Goal
Remove un-necessary sorting on an already sorted data source
Approach
Apache Spark's parser generates a abstract syntax tree. The tree nodes are the operators of a query. The AST is passed through various phases of query compilation i.e. analysis, optimizer, planner and execution. In this exercise, we inject an optimizer rule.
Let's say we have a datasource (created in this project) that is already sorted on a particular column. An order by query on this column of the datasource should not result in a sort operation.

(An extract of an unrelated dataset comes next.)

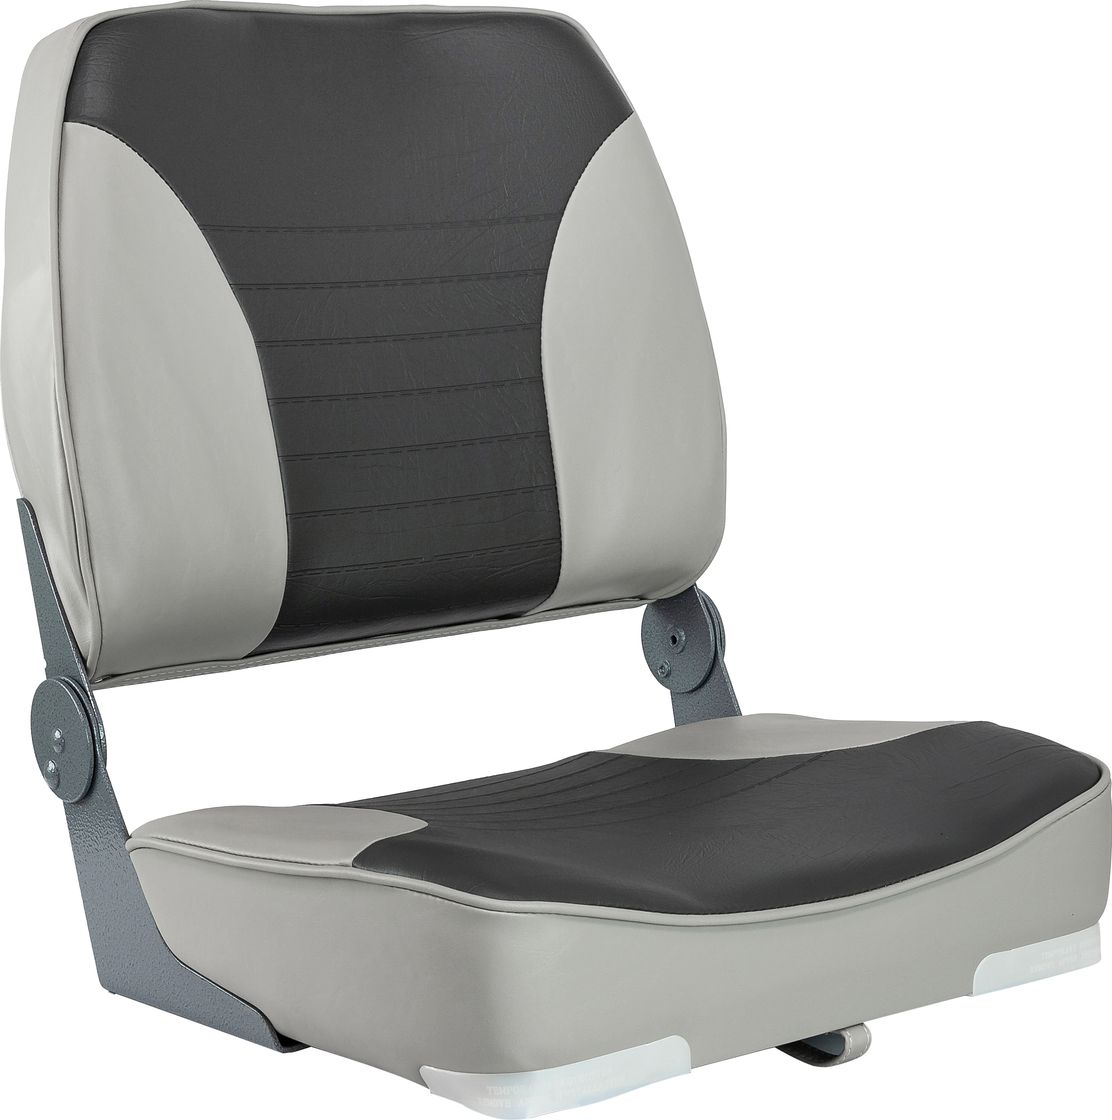 Кресло XXL складное мягкое двухцветное серый/темно-серый 1040693 кресло складное premium серый темно серый 106202501

We can achieve this by adding an optimizer rule that does the following:
-
Recognizes the global ascending sort operator
-
checks if it has a child that is our sorted datasource, remove the sort operator
Try it out
$ bin/spark-shell --jars <PATH>/optimizer-0.1.0-SNAPSHOT.jar --conf spark.sql.extensions=dev.plugins.optimizer.OptimizerExtension
scala> spark.read.format(classOf[dev.plugins.optimizer.SortedDataSource].getName).load().createTempView("sortedTable")

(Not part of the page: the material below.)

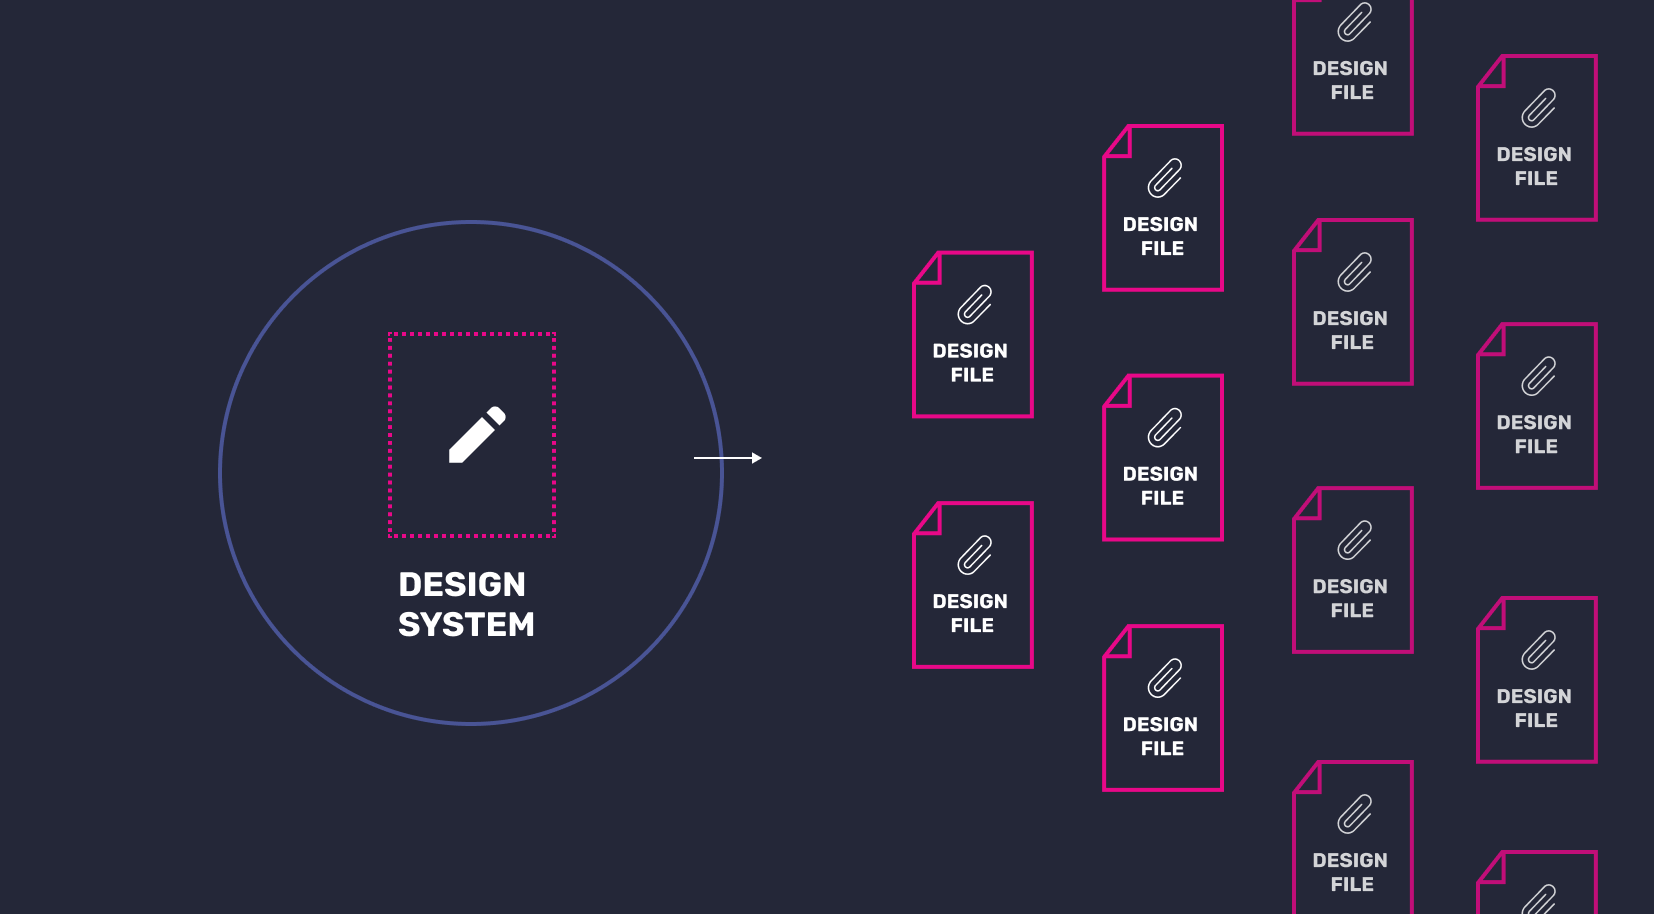 Een design system bestaat uit meerdere design files.

// sort query on sorted data set
scala> val df1 = spark.sql("select * from sortedTable where id % 2 = 0 order by id")
scala> df1.explain
== Physical Plan ==
*(1) Filter (isnotnull(id#0) && ((id#0 % 2) = 0))
+- *(1) DataSourceV2Scan [id#0, negativeid#1], dev.plugins.optimizer.SortedReader@1fcc3461
scala> Seq(("1", 1), ("2", 2), ("3", 3), ("4", 4), ("5", 5)).toDF("value", "id").createTempView("mymemorytable")
// sort query on non-sorted data set
scala> val df2 = spark.sql("select * from mymemorytable where id % 2 = 0 order by id")
scala> df2.explain
== Physical Plan ==
*(2) Sort [id#13 ASC NULLS FIRST], true, 0
+- Exchange rangepartitioning(id#13 ASC NULLS FIRST, 200)
+- *(1) Project [_1#9 AS value#12, _2#10 AS id#13]
+- *(1) Filter ((_2#10 % 2) = 0)
+- LocalTableScan [_1#9, _2#10]